🤖 AI Summary
This study addresses the detection of synthetic replacement words (deepfake words) in speech by proposing a novel approach based on fine-tuning the Whisper model. Leveraging Whisper’s next-token prediction mechanism during transcription, the method identifies anomalous synthetic tokens and incorporates partially vocoder-processed speech data for augmentation, substantially reducing annotation costs. This work is the first to apply Whisper’s next-token prediction capability to deepfake word detection, achieving simultaneously low transcription and detection error rates on in-domain data. On out-of-domain data, the approach matches the performance of specialized ResNet-based detection models, demonstrating strong practical potential, although room remains for improving generalization.
📝 Abstract
Deepfake speech utterances can be forged by replacing one or more words in a bona fide utterance with semantically different words synthesized by speech generative models. While a dedicated synthetic word detector could be developed, we investigate a cost-effective method that fine-tunes a pre-trained Whisper model to detect synthetic words while transcribing the input utterance via next-token prediction.

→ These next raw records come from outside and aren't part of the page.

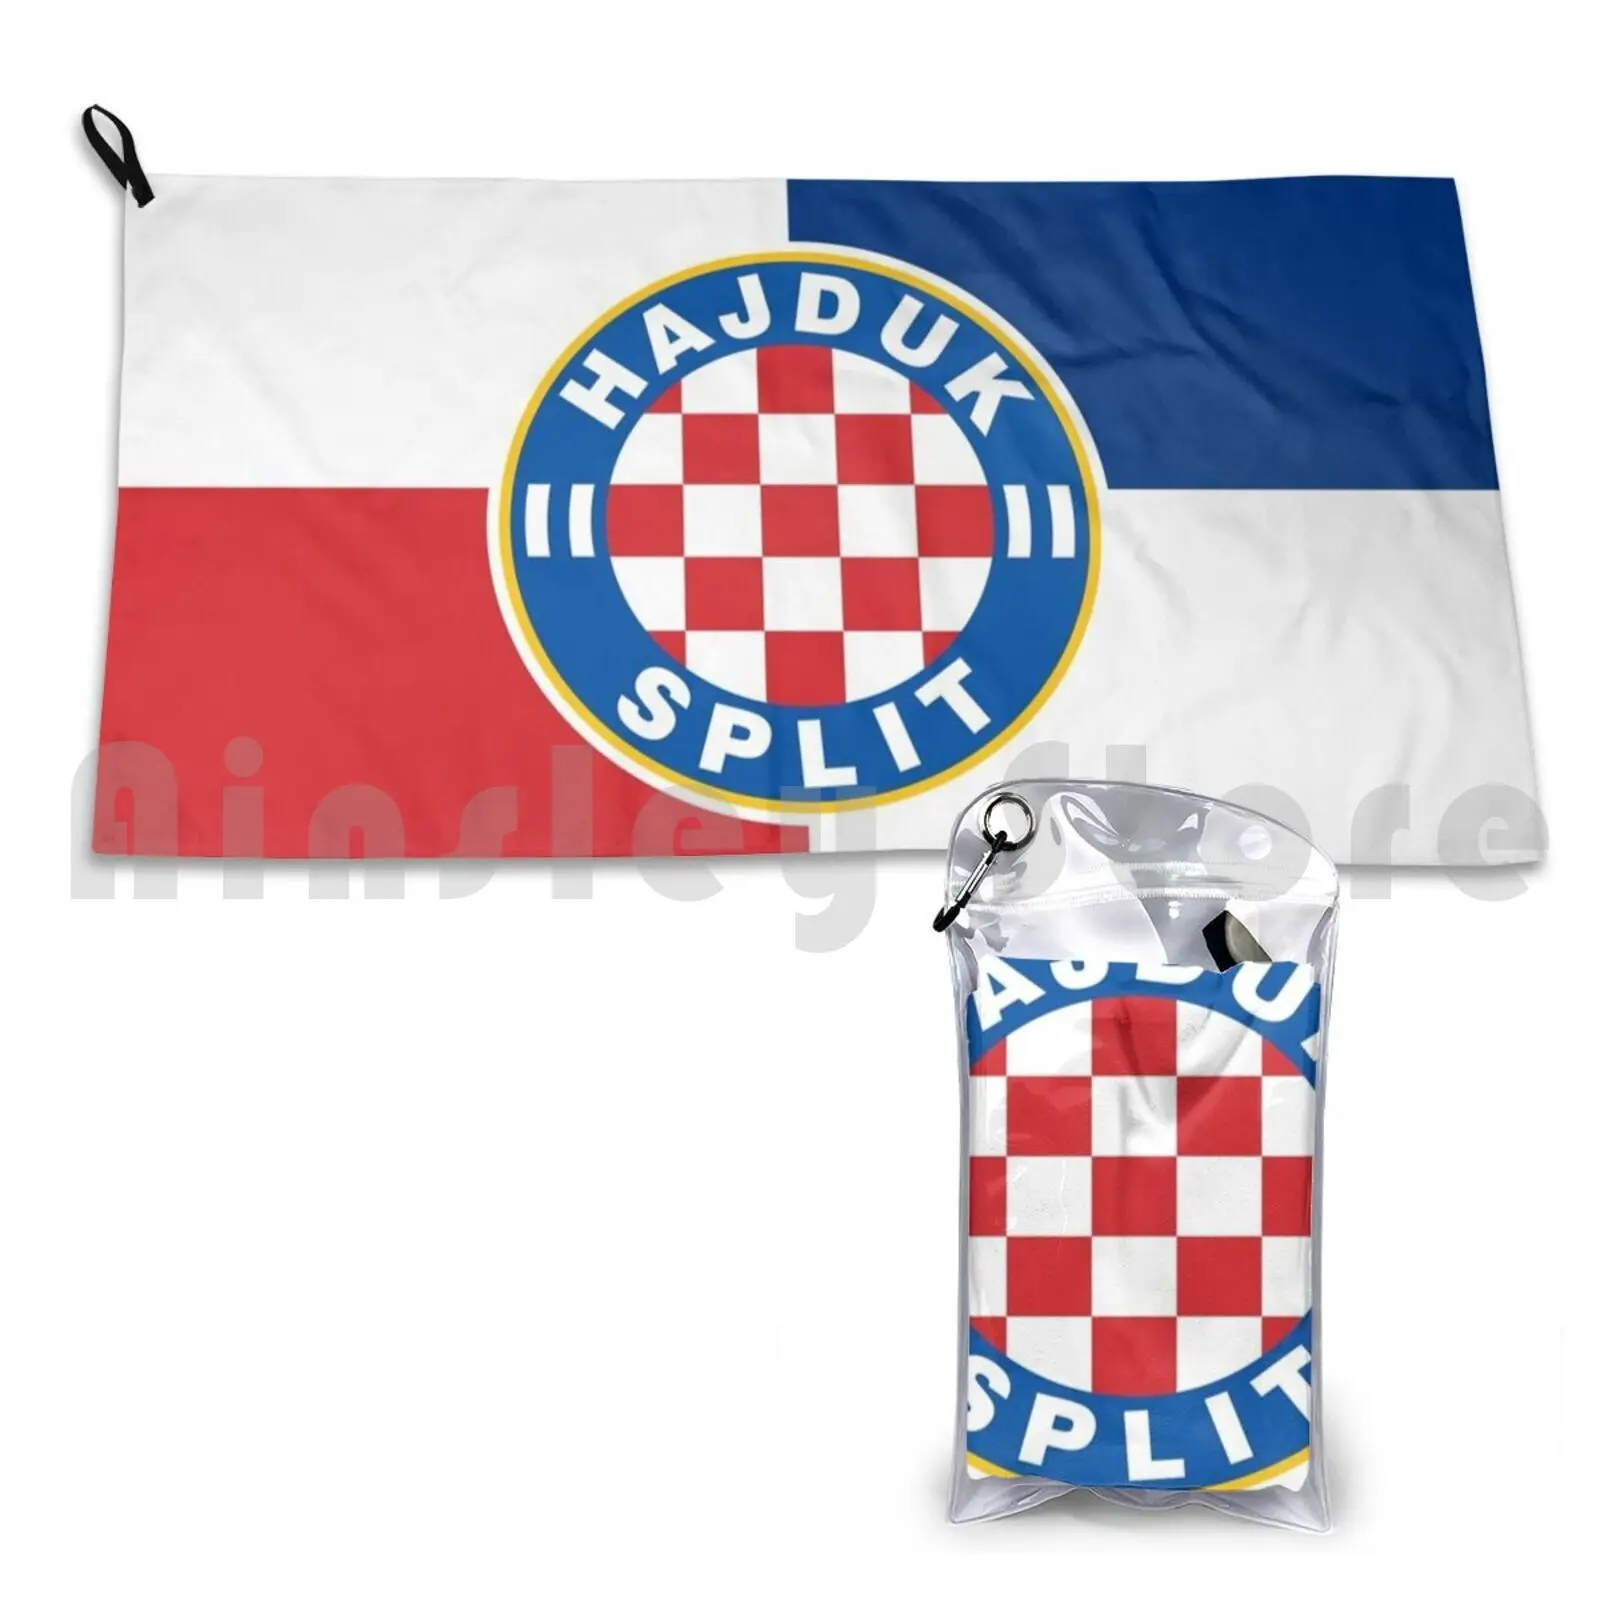 Capa De Almofada Estampada 50x75 Hajduk Split Croácia Split Minha Cor Desde  Que Eu Nasci, Split Da Croácia - Fronhas - AliExpress
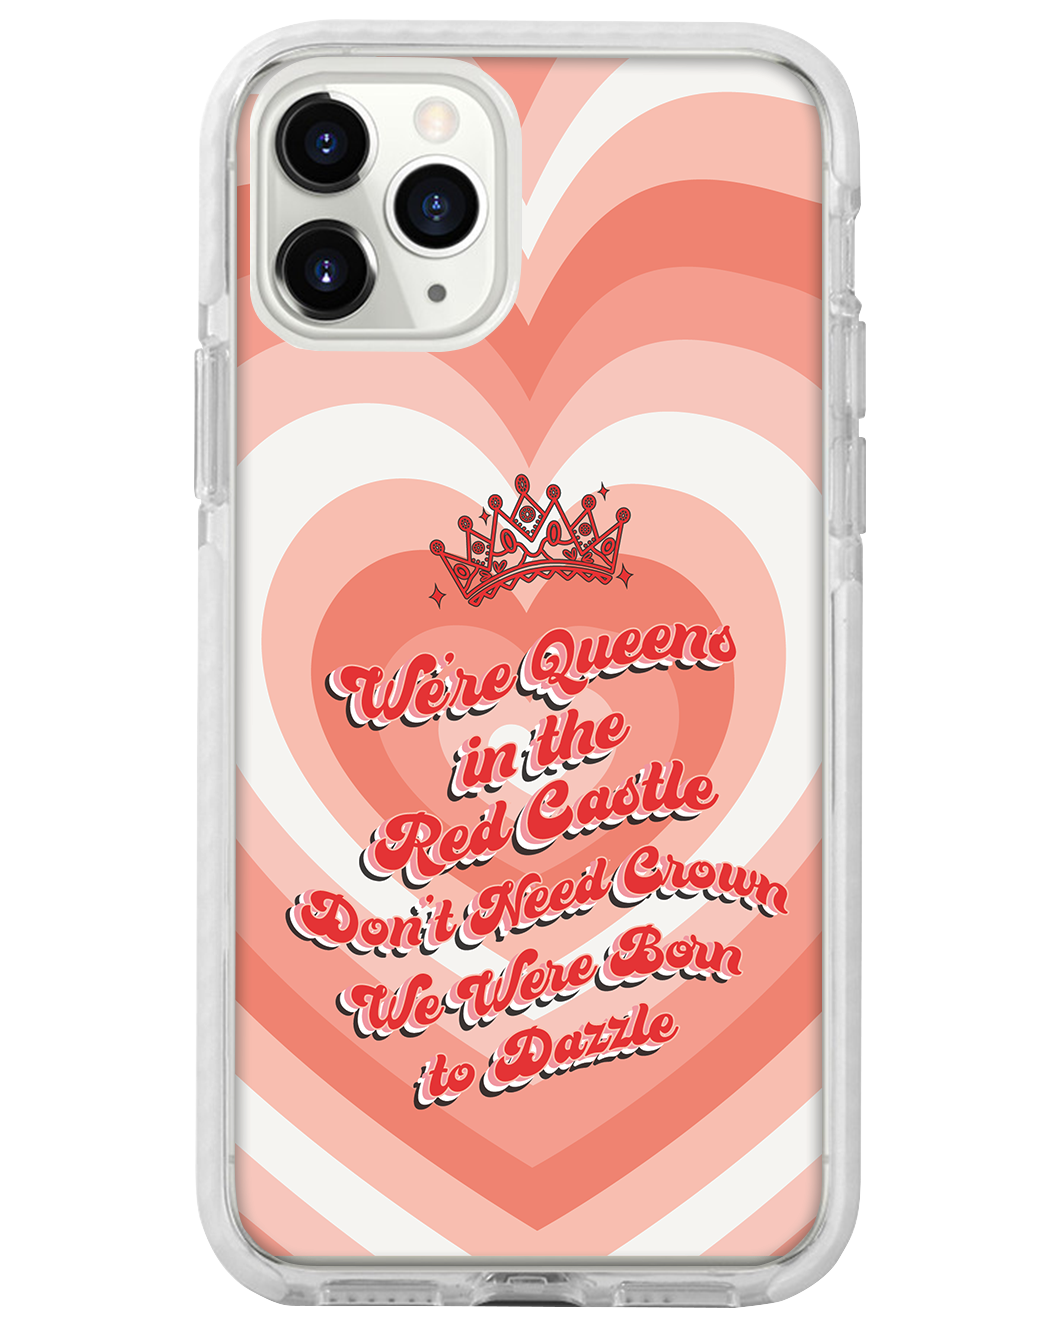 iPhone - Red Velvet Luv
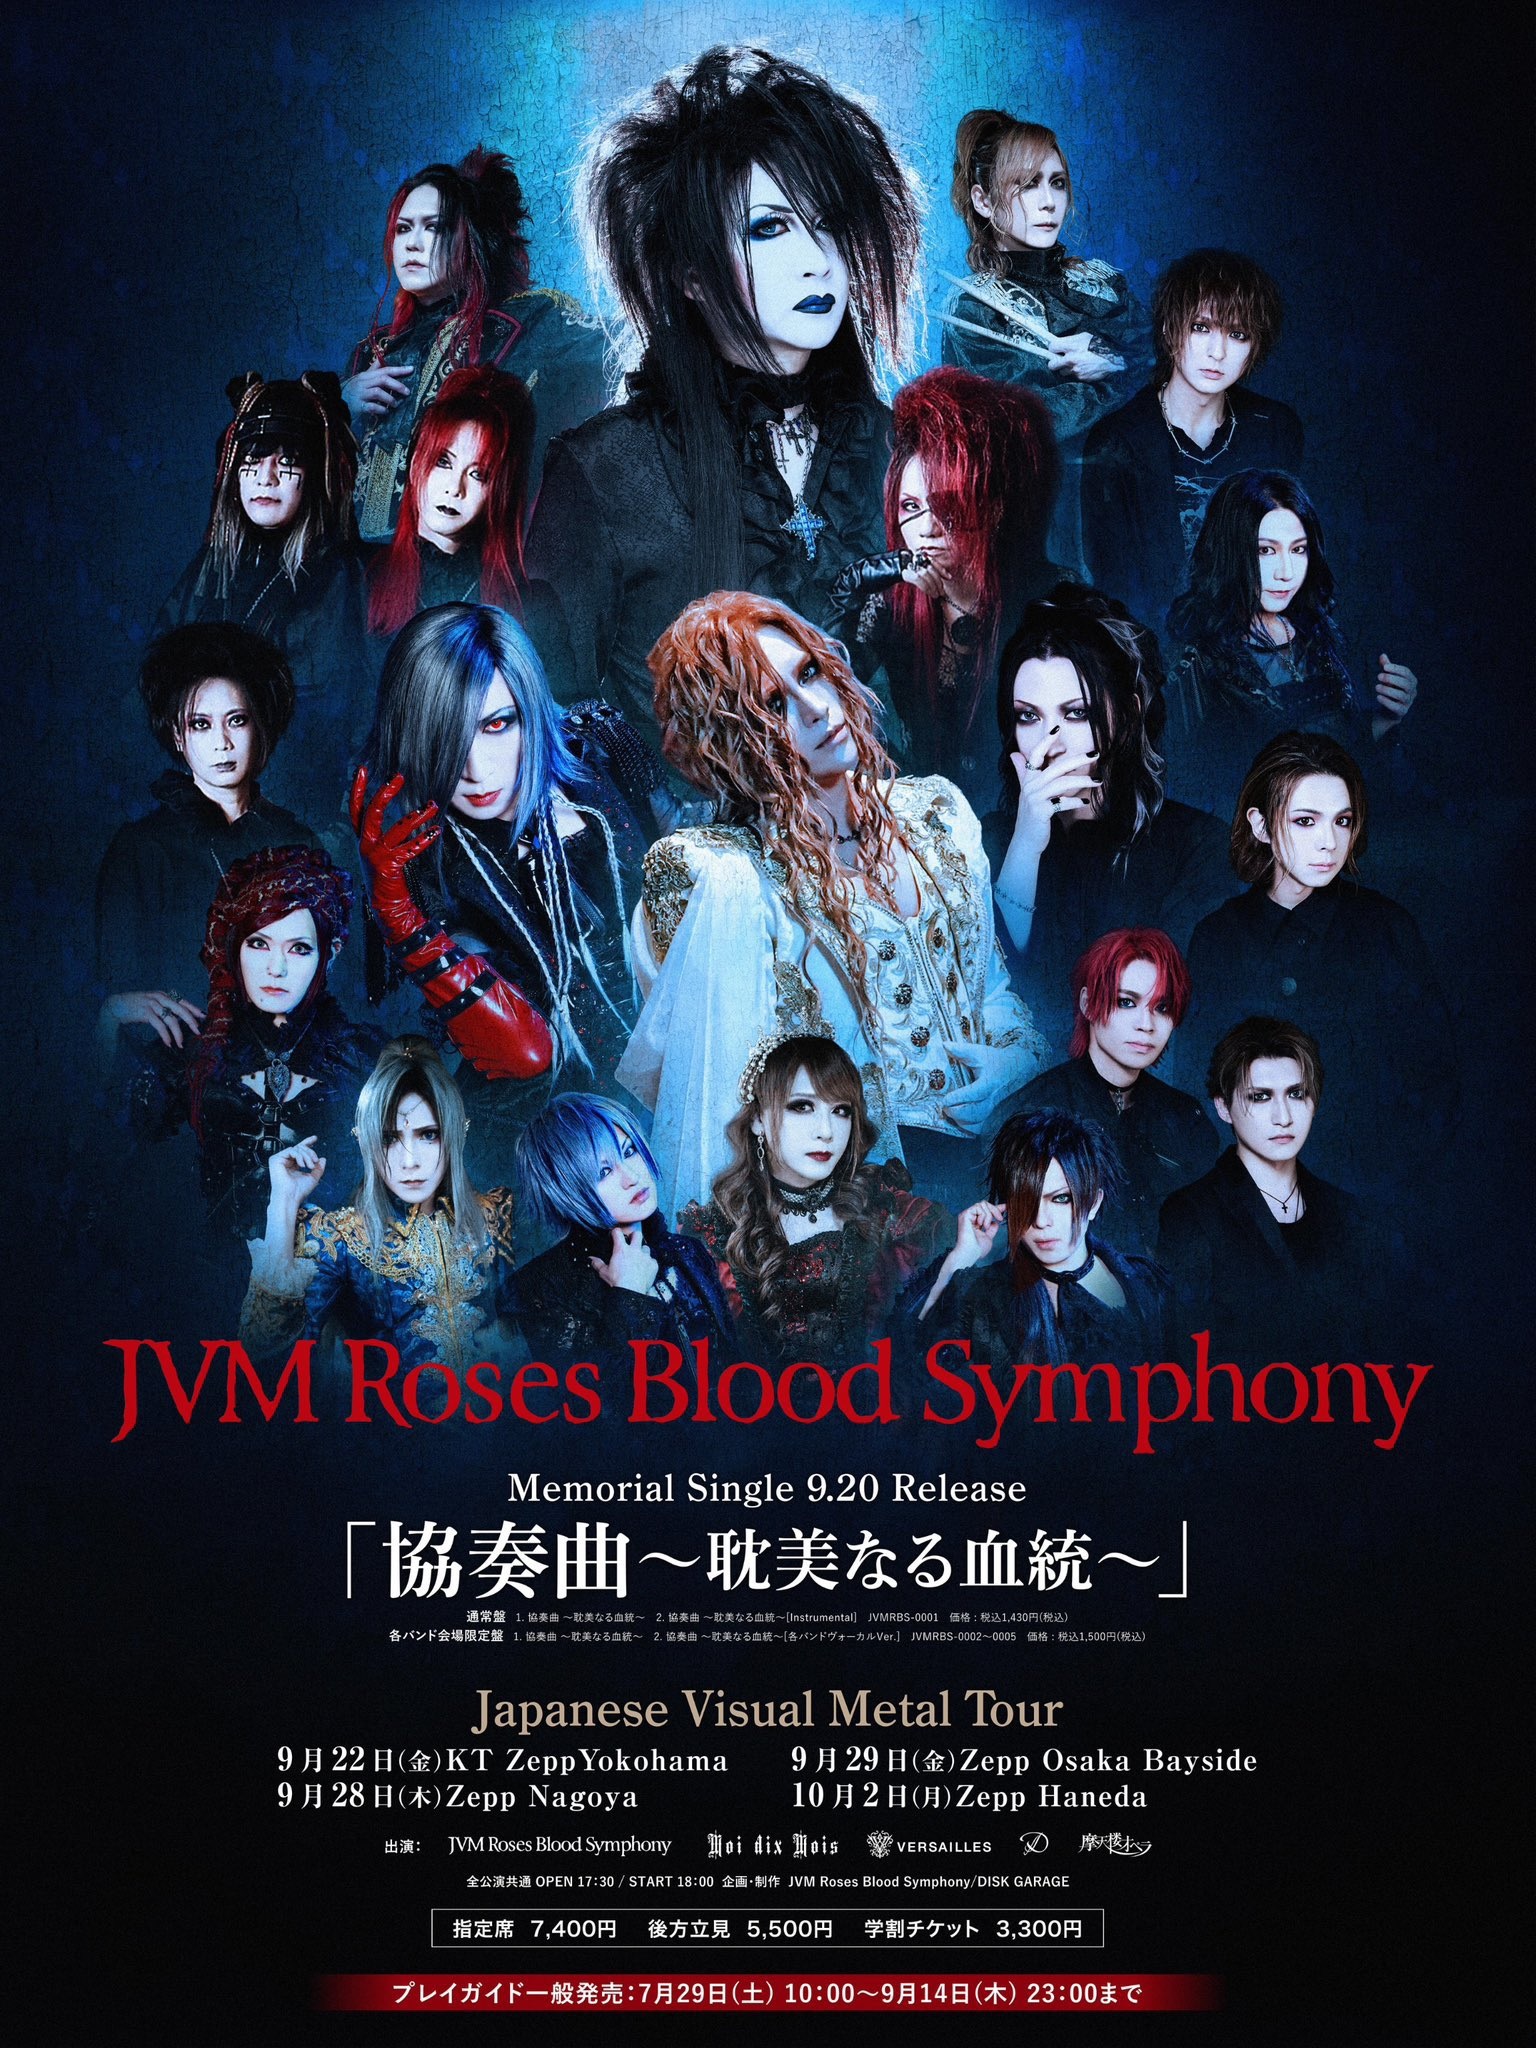 Tour poster
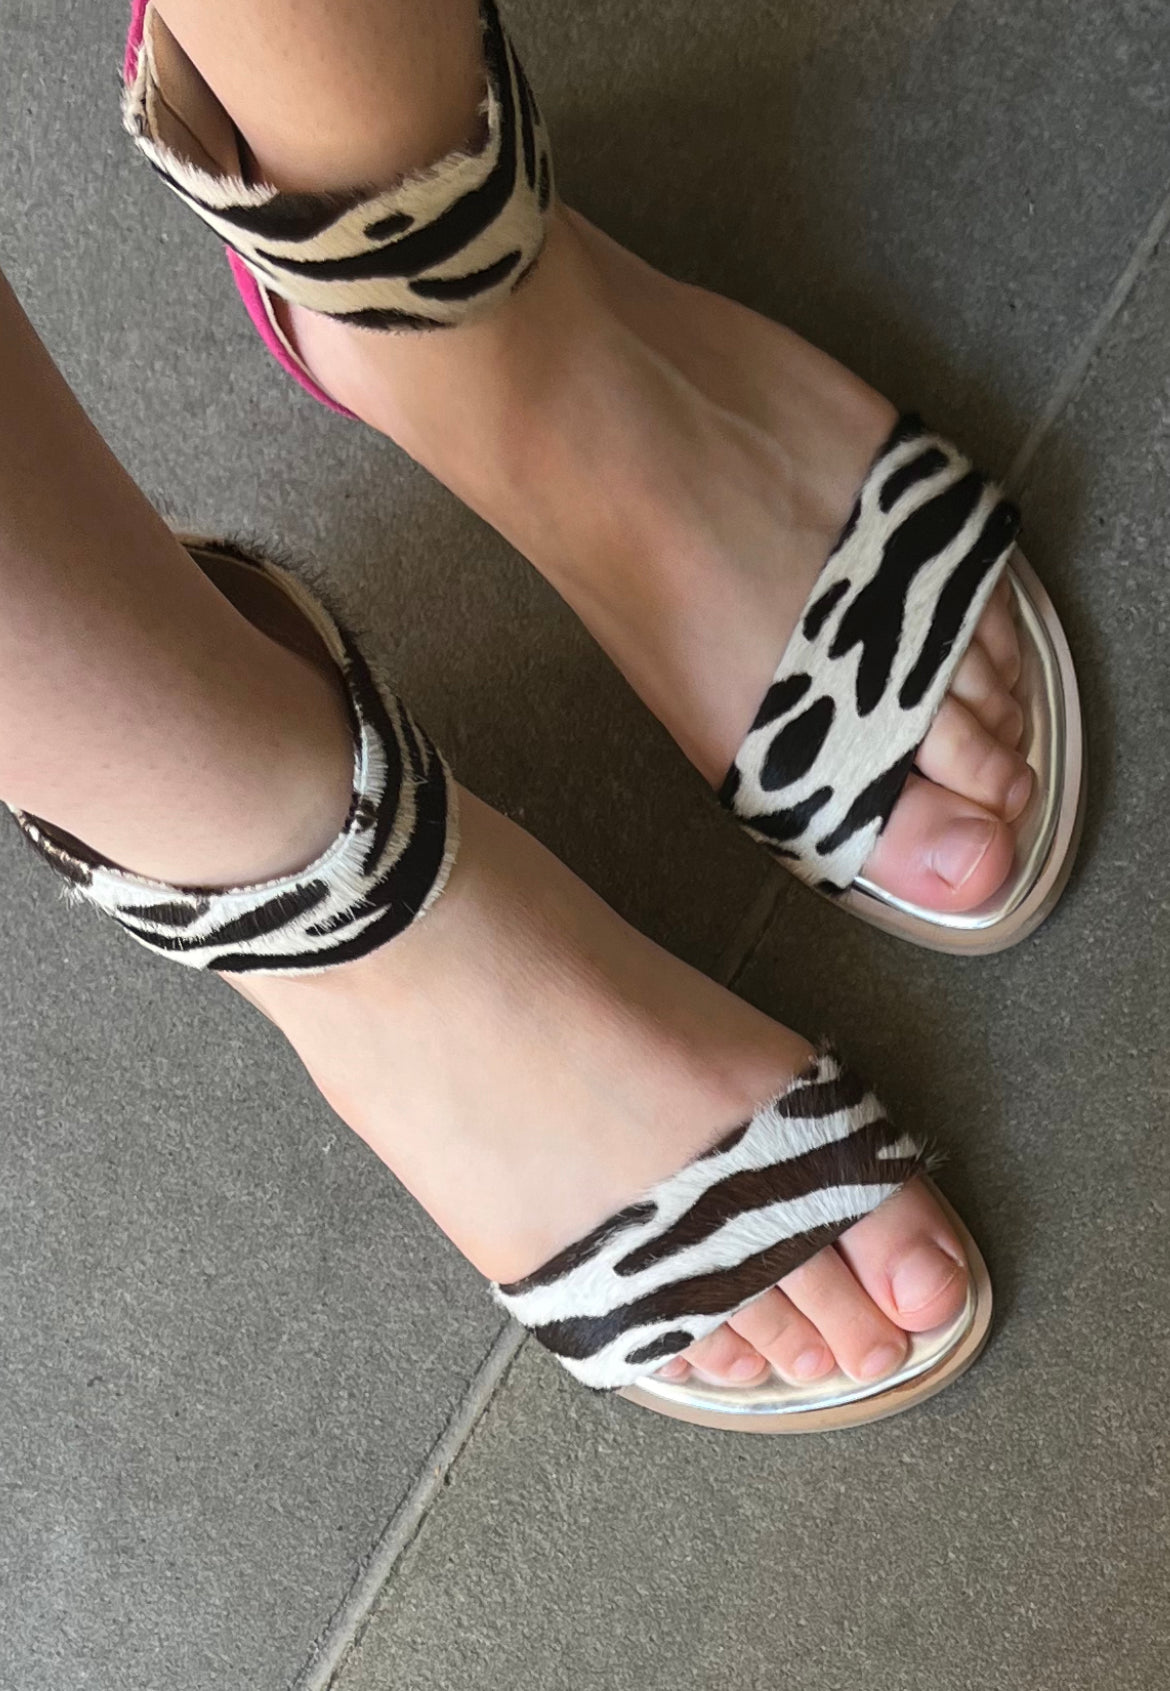 Marionette - Zebra flat sandal SIZE 35 AND 39!

We further investigate using partially vocoded utterances as the fine-tuning data, thereby reducing the cost of data collection. Our experiments demonstrate that, on in-domain test data, the fine-tuned Whisper yields low synthetic-word detection error rates and transcription error rates. On out-of-domain test data with synthetic words produced by unseen speech generative models, the fine-tuned Whisper remains on par with a dedicated ResNet-based detection model; however, the overall performance degradation calls for strategies to improve its generalization capability.